NeSy is alive and well: A LLM-driven symbolic approach for better code comment data generation and classification
Hanna Abi Akl
TL;DR
The paper tackles data scarcity in code-comment classification and proposes a neuro-symbolic workflow that combines an LLM agent with a symbolic rule-based system to generate labeled synthetic data for C code comments. Semantic rules, explicit algorithms, and a Python data generator are used to control data quality and labeling, addressing weaknesses of purely LLM-driven data. Experiments show that augmenting the baseline with 5000 synthetic samples yields consistent Macro-F1 gains across RF, VC, and NN, with NN achieving $91.412\%$ Macro-F1 on augmented data.
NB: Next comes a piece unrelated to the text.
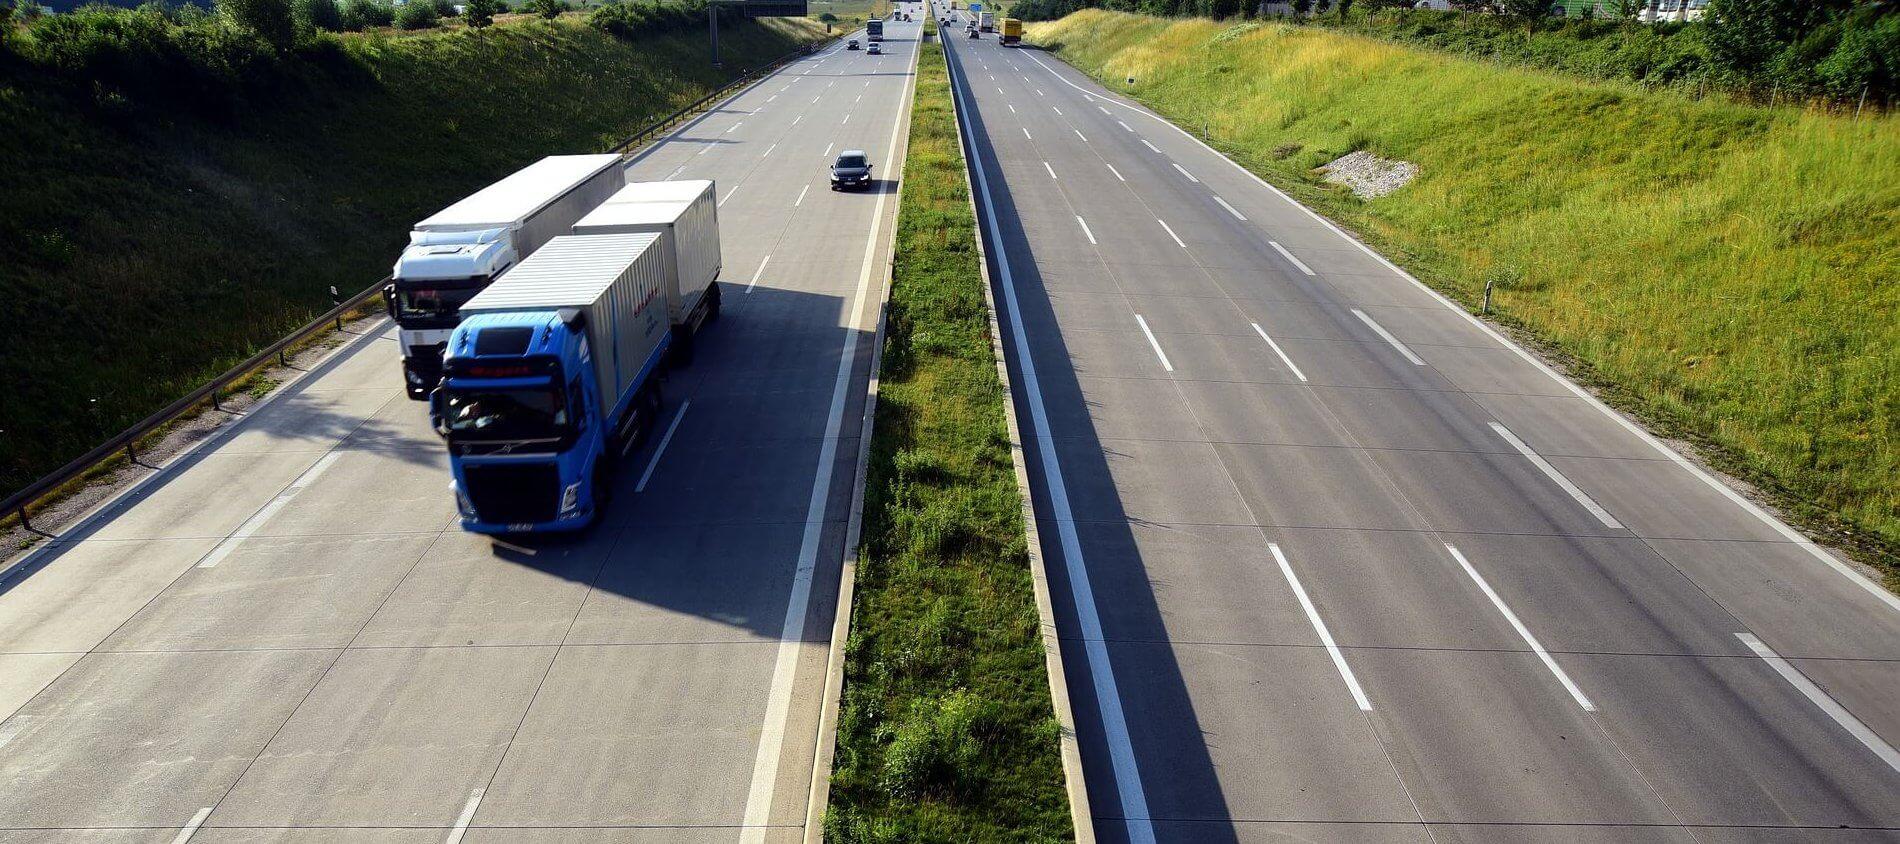 2021 m. sunkvežimių eismo ribojimai Italijoje. Vyriausybė įvedė daug išimčių

The approach demonstrates the viability of controlled synthetic data in improving code-related NLP tasks and suggests scalability to larger datasets and other domains.
Abstract
We present a neuro-symbolic (NeSy) workflow combining a symbolic-based learning technique with a large language model (LLM) agent to generate synthetic data for code comment classification in the C programming language. We also show how generating controlled synthetic data using this workflow fixes some of the notable weaknesses of LLM-based generation and increases the performance of classical machine learning models on the code comment classification task. Our best model, a Neural Network, achieves a Macro-F1 score of 91.412% with an increase of 1.033% after data augmentation.